Drs. Berney Neufeld, Leonard Brand and I were fresh out of graduate school and anxious to investigate various lines of evidence being used to support the biblical account of Earth history. Among the most prominent of these were tales of giant human tracks in the bed of the Paluxy River, near Glen Rose, Texas. These tracks were in Cretaceous limestone, supposed to be 80-100 million years old, alongside giant bipedal tracks of carnivorous dinosaurs (Morris and Whitcomb 1961, pp. 173-175). While we were interested in the significance of the tracks, we were also puzzled by the lack of careful analytical investigation. Here was a piece of evidence so important that-- if correct-- could turn the whole history of the Earth upside down. Why were the earth scientists not flocking to Glen Rose to investigate? Why were the creationists not carrying on a carefully orchestrated investigation to determine the nature and significance of the evidence? We had a Iot to learn.
It did not take us Iong to organize an expedition to the river. Setting out late in the summer of 1970, we arrived at the site at an opportune time. A flurry of activity earlier in the summer connected with the work of Stan Taylor of Films for Christ had left many new tracks exposed, and piles of discarded sandbags and plastic sheets littered the banks. We were able to sandbag a section of the river and bail it dry (Figure 1). There on the floor of the river was a clear bipedal trackway unlike anything we had seen before. We made casts of the prints, photographed the site carefully, and puzzled about what could have made the trail. The tracks had a clear humanoid appearance, but lacked some of the most important characteristics. There were no clear pentamerous feet, and the profile was more elongate and narrow than one would expect for a human track. A careful study revealed that several of them bore three unmistakable divisions at the anterior end, which led us to conclude that they were probably made by sauropods, perhaps walking in water too shallow for normal tracks. But they were very different from the common tridactyl trackways in the river bottom. Our initial suspicions were further heightened by a trackway on a nearby ledge. Several of the poorly defined depressions exhibited the elongate appearance of the"man tracks," but further along they became clearly defined as dinosaurian. While we harbored some doubt as to what had made the elongate tracks in the river bottom, we were now certain that they did not provide irrefutable evidence of the coexistence of man and dinosaur.

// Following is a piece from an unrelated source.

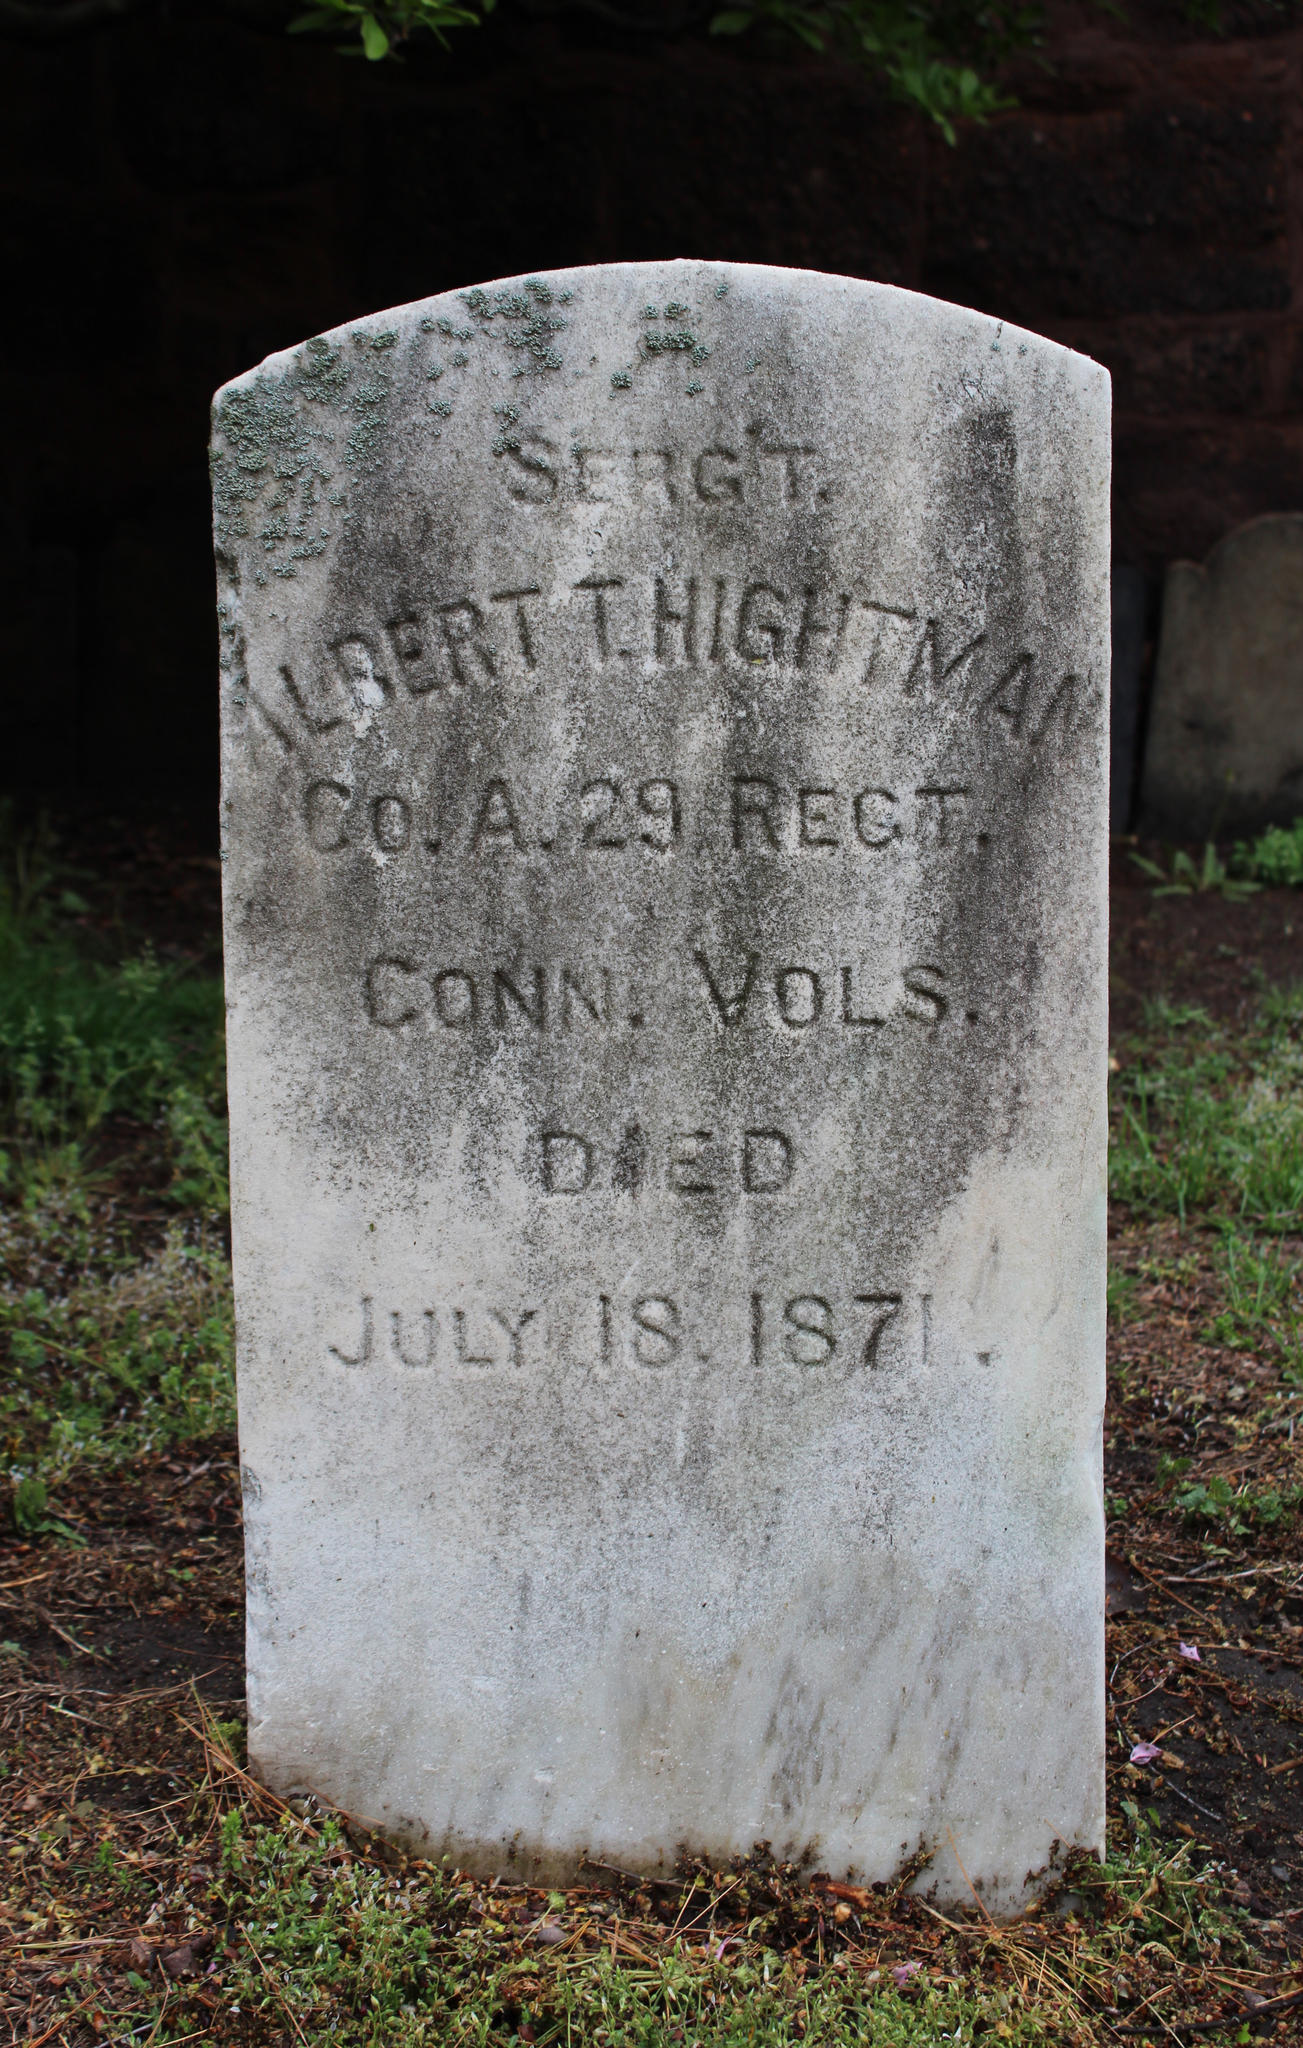 <span style="background-color:transparent">Hightman was a member of the 29th Connecticut Volunteers (Colored). The regiment, the first African-American Regiment formed in New Haven, saw action in Virginia and in 1865 participated in the final capture of Richmond. In 2008, a memorial to the 29th was established in Criscuolo Park on Chapel Street in New Haven. </span><span><span style="background-color:transparent">Location: Ivy</span></span> 

We returned to Loma Linda University convinced that the man-like tracks in Glen Rose were not human. But another problem had to be dealt with: a number of unmistakably human footprints reported to have been dug from the Paluxy River were in circulation, complete with notarized eyewitness accounts of their origin. Could they have been carved? How could we test for carving? We devoured anything we could find that related to the tracks in the river. We needed equipment to cut the rocks, and time to check out every lead. Neufeld traveled that summer to New York, where he interviewed archivists at the American Museum regarding the whereabouts of the field notes of the scientist who first brought these tracks to widespread attention.
In 1937, Dr. Roland T. Bird, on a fossil-collecting trip from the museum, stopped at a rock shop in New Mexico. In the window of the shop were displayed two large human footprints, in stone! Inside, the owner showed him additional fossil footprints made by a three-toed creature. Bird recognized them instantly as dinosaurian. Investigating further, he learned that the track had been excavated from the Paluxy riverbed near Glen Rose, Texas. Shortly thereafter, he arrived in Glen Rose. There in the bed of the river, he found a bipedal trackway of three-toed AIIosaurus and, nearby, a Iong trackway of Brontosaurus, the largest animal ever to walk on the earth. It occurred to him that this trackway would be a veritable prize for the American Museum's new Hall of Dinosaurs, where a full-sized skeleton of Brontosaurus was being readied for display. The dinosaur trackway was quarried from the riverbed and shipped to New York where it is presently part of that exhibir.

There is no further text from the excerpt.